More specifically, you can simply match the MMM-yyyy date format values of the column based on the field's String length (since we know that those values we always have 8 characters) as a condition in when and then:
use to_date to convert the String value to a valid date based on a format we give as an argument, and
use last_date to get the last day of the month each curry date in MAIN_DATE is referring to.
As for the "regular" rows with the dd-MMM-yyyy date format, just a to_date conversion would be sufficient within the otherwise method.
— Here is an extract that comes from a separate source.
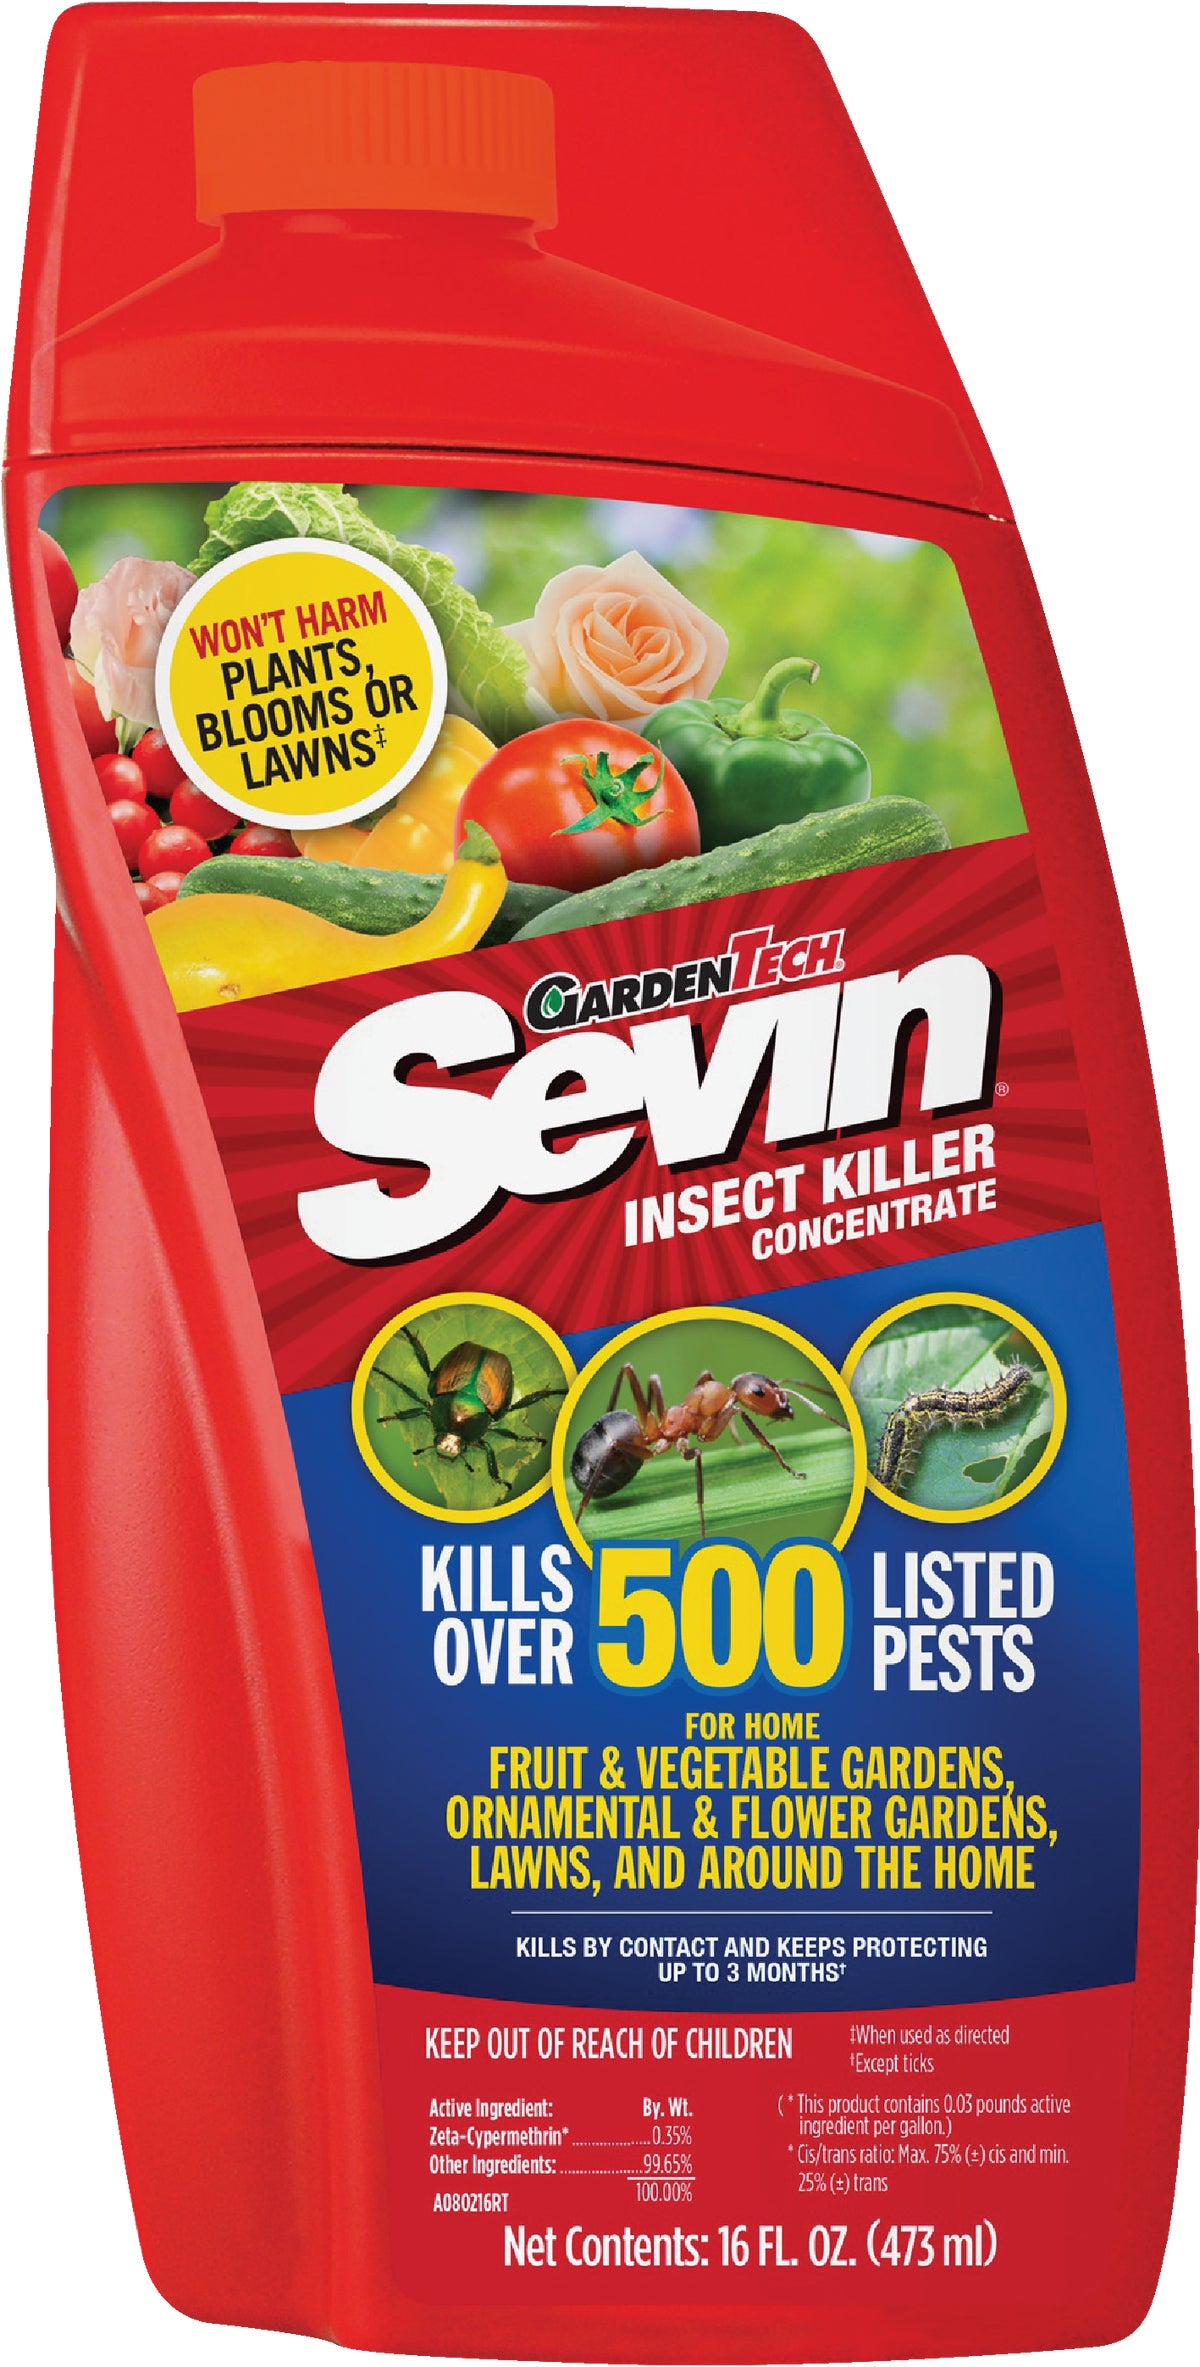 50+ Garden tech sevin insect killer ingredients ideas
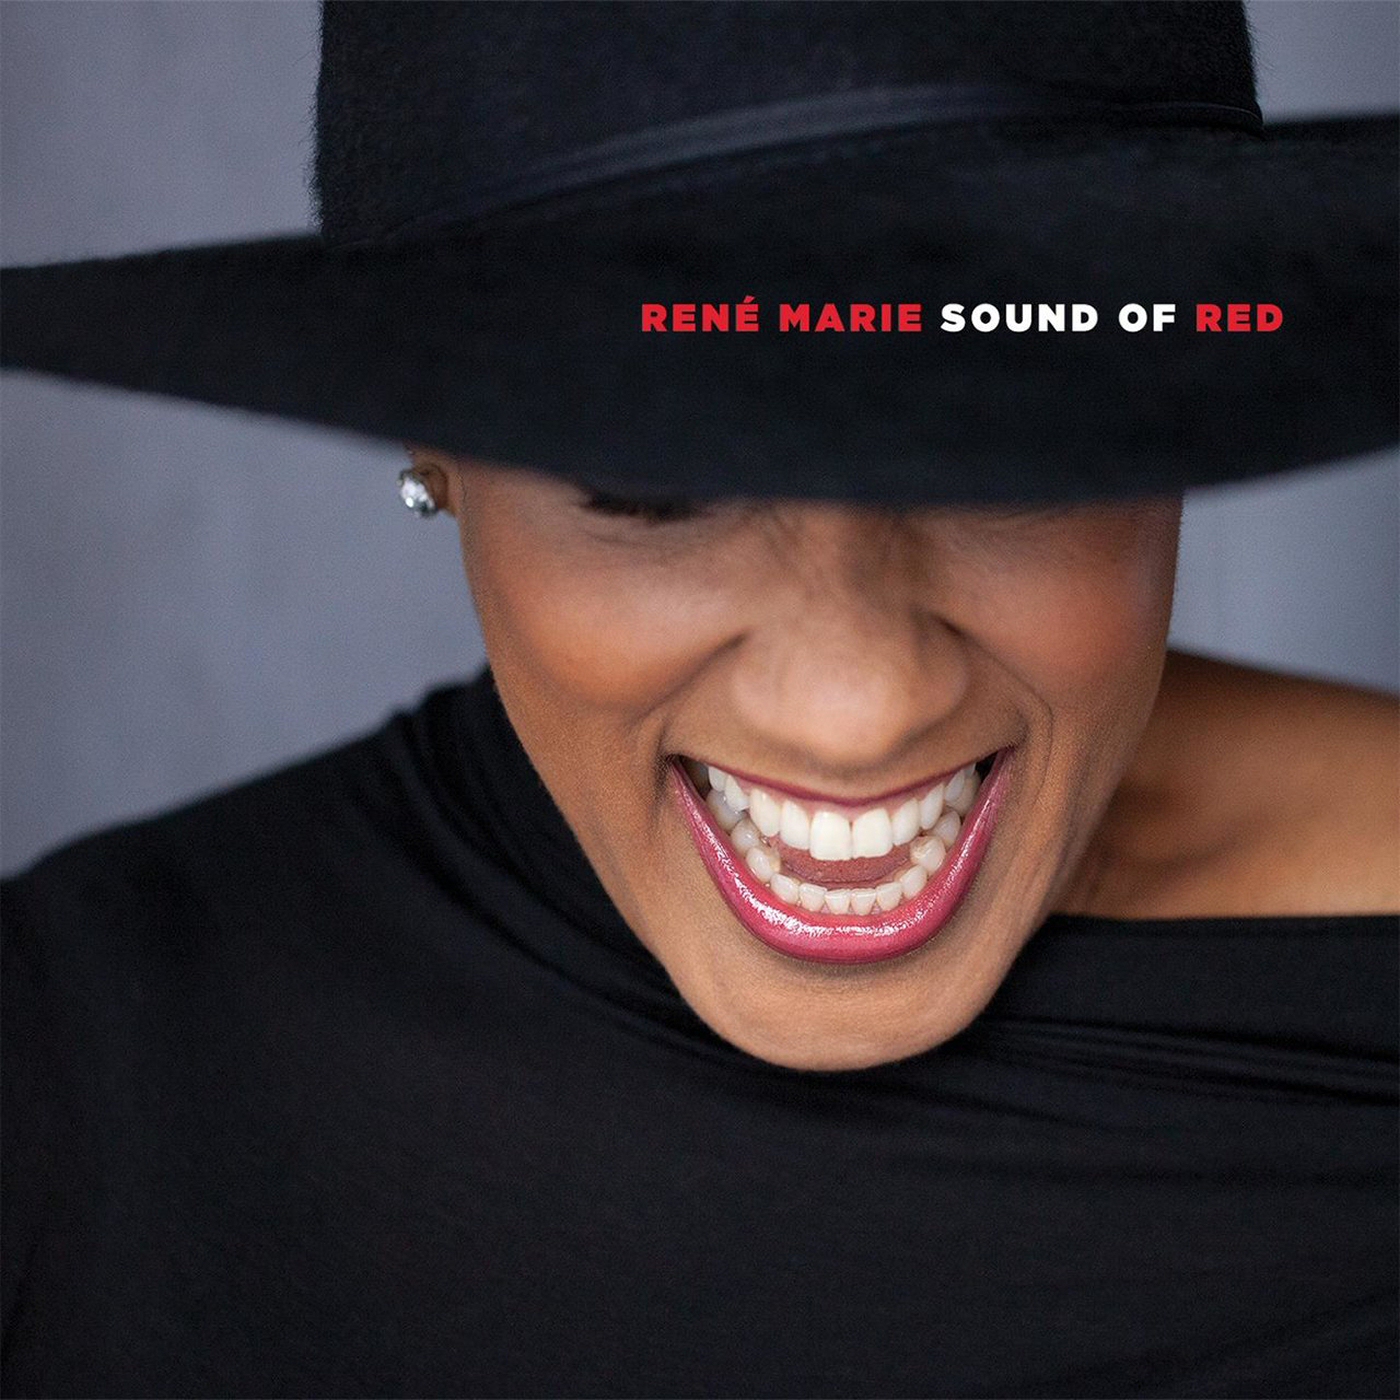 Günün Parçası: "Sound Of Red" (René Marie, 2016)

After that, all there's left to do is to convert the dates back to the desired dd-MMM-yyyy format (because to_date converts a given date to the yyyy-MM-dd format).
This is the solution in Scala (split in into two withColumns to make it more readable, instead of an one-liner):
df.withColumn("END_DATE",
when(length(col("MAIN_DATE")).equalTo(8), last_day(to_date(col("MAIN_DATE"), "MMM-yyyy")))
.otherwise(to_date(col("MAIN_DATE"), "dd-MMM-yyyy")))
.withColumn("END_DATE", date_format(col("END_DATE"), "dd-MMM-yyyy"))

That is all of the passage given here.